Он стоял, отвернувшись к окну, как и в камерах, забранному двойной решёткой, тяжело, всем своим весом навалясь на подоконник. Жировая складка под затылком побурела от напряжения. Когда Олег вошёл, Касымов обернулся, но не произнёс ни слова. Вся его поза, молчание и взгляд выражали даже не осуждение, а уже вынесенный и подписанный приговор. Печигин, обрадовавшийся Тимуру до того, что готов был броситься ему на шею, остановился на полпути, не зная, что сказать.

– Тимур… Ты что… Ты думаешь, я в чём-то виноват? Но я ни в чём… Откуда мне было знать, что он выстрелит?! Я ни в чём не виновен!

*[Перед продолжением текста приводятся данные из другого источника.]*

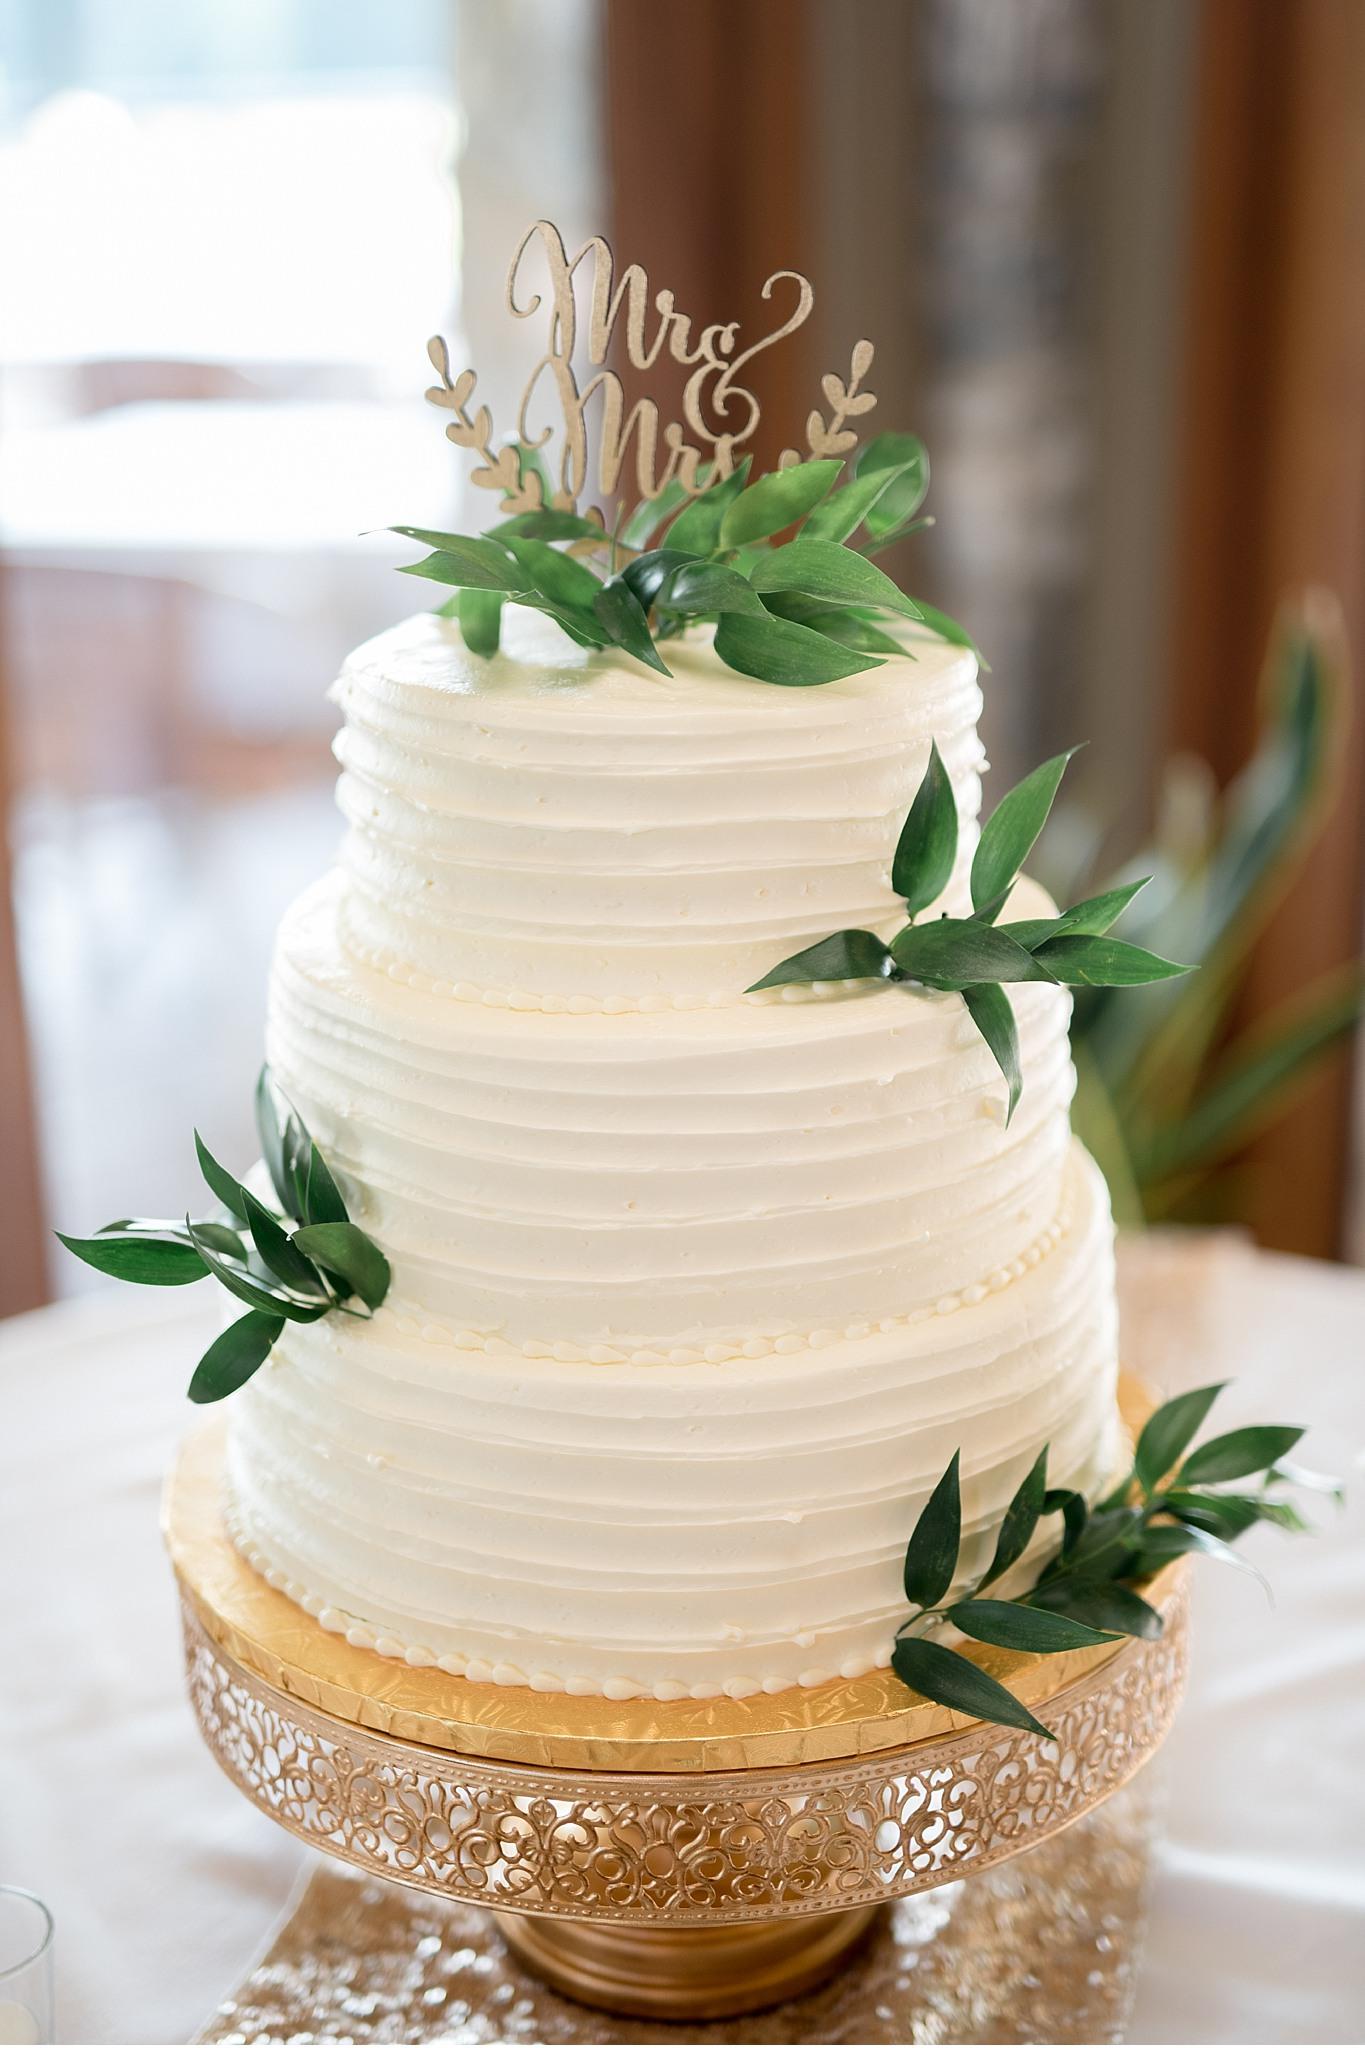 Cake details Hershey Gardens Hershey Country Club Summer beautiful wedding photography_1610.jpg
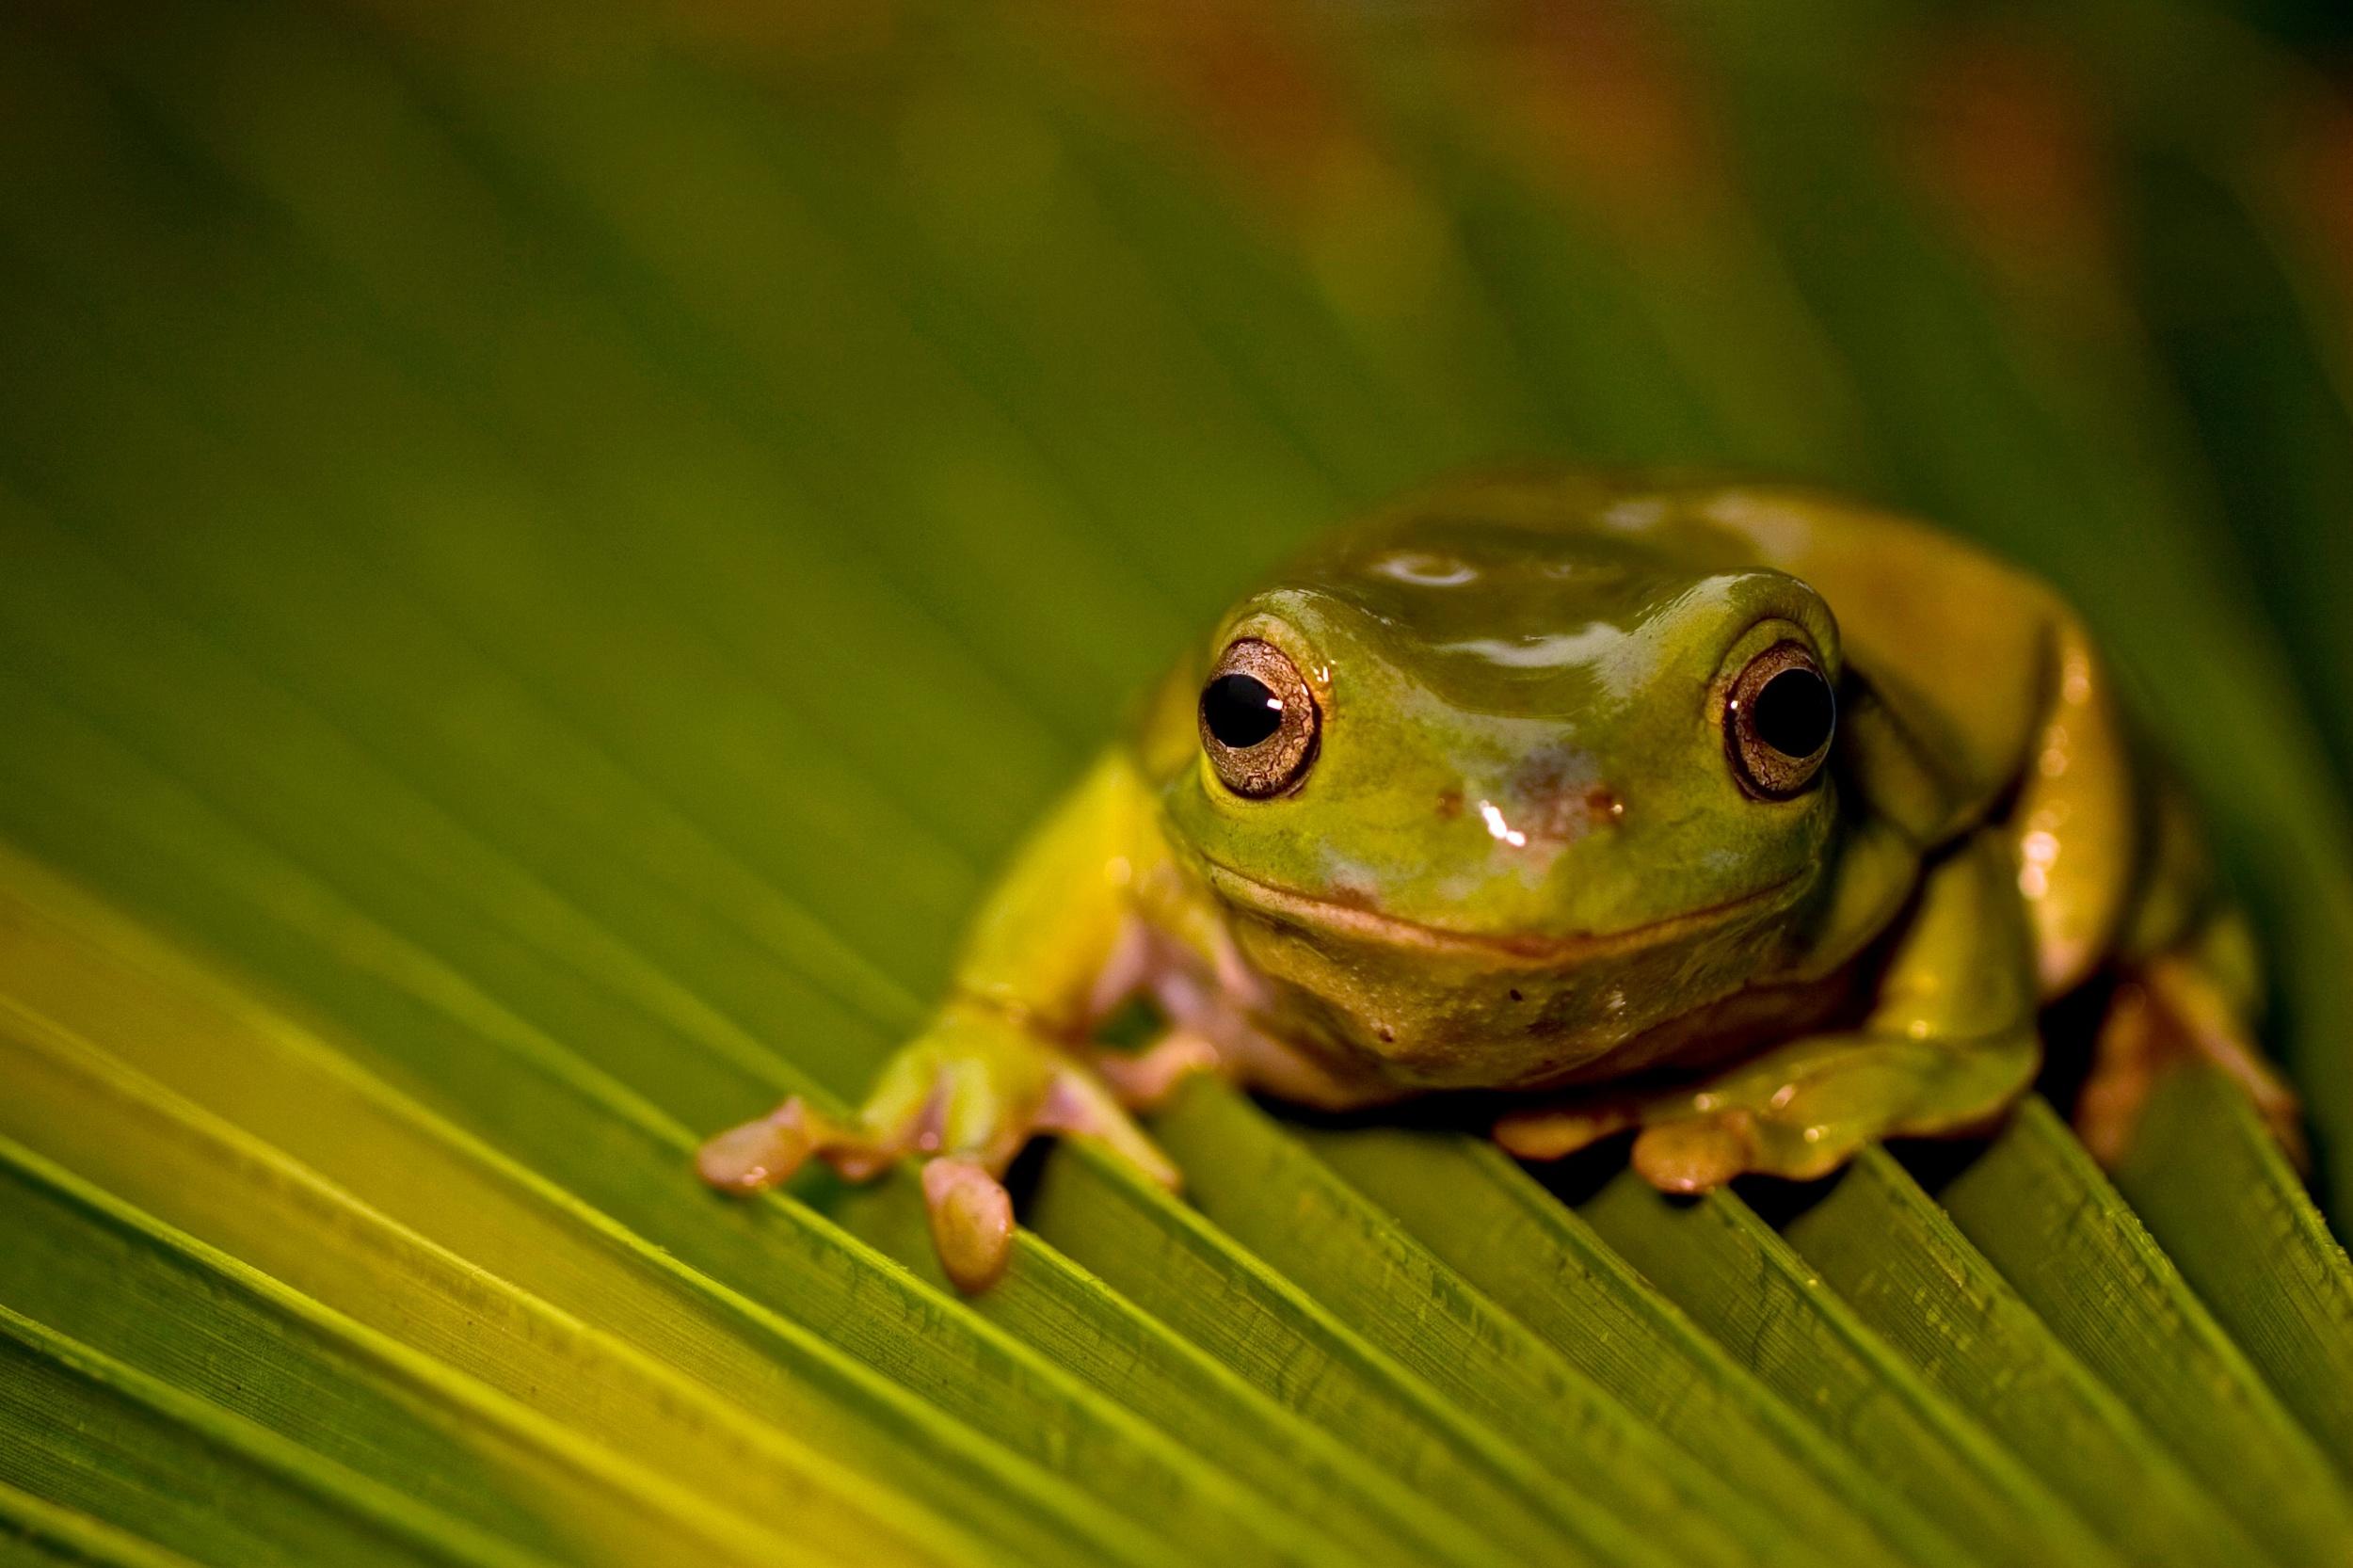 Australian green tree frog, captive. (Santa Barbara, Calif.)

– В чём – ты – не виновен? – после каждого слова Касымов делал зловещую паузу.

– В его смерти… В смерти Народного Вожатого.

– Президент Гулимов жив и здоров, даже не ранен. Заговорщики, как обычно, промахнулись. Народный Вожатый выступил по телевизору и в прямой трансляции разоблачил их преступный и, как всегда, неудавшийся заговор!

– Постой, Тимур, постой…

Печигин почувствовал, что ему нужно сесть, и на неверных ногах добрался до одного из двух стульев, стоявших по обе стороны стола посреди кабинета.

– Я же сам видел, как он упал! Видел его кровь… и глаза… мёртвого человека.

– С чего ты взял, что это был Народный Вожатый?!

– Но он был один в один… И все, кто там были, узнали его.

– И с такой наивностью ты берёшься лезть в политику! – Касымов презрительно усмехнулся. – Где ты видел уважающего себя главу государства, живущего под постоянной угрозой покушения, у которого не было бы двойника?

– Ты хочешь сказать… Это был двойник?

Тимур не удостоил его ответом.

– А Народный Вожатый жив?

– Живее нас с тобой. Тебя-то уж точно.

Значит, он жив. Президент Гулимов жив! А смерть, которую Олег видел собственными глазами, была обманом. Что это меняет? Всё – и ничего. То есть для него лично сейчас, может быть, и ничего, но для страны, конечно, всё. И для мира. И для мироздания! Олег почувствовал прилив облегчения и надежды. Ведь Народный Вожатый не ошибается! Не может быть, чтобы он не проявил интереса к делу единственного иностранца, обвинённого в участии в заговоре, – и тогда он, естественно, сразу поймёт, что Печигин совершенно невиновен!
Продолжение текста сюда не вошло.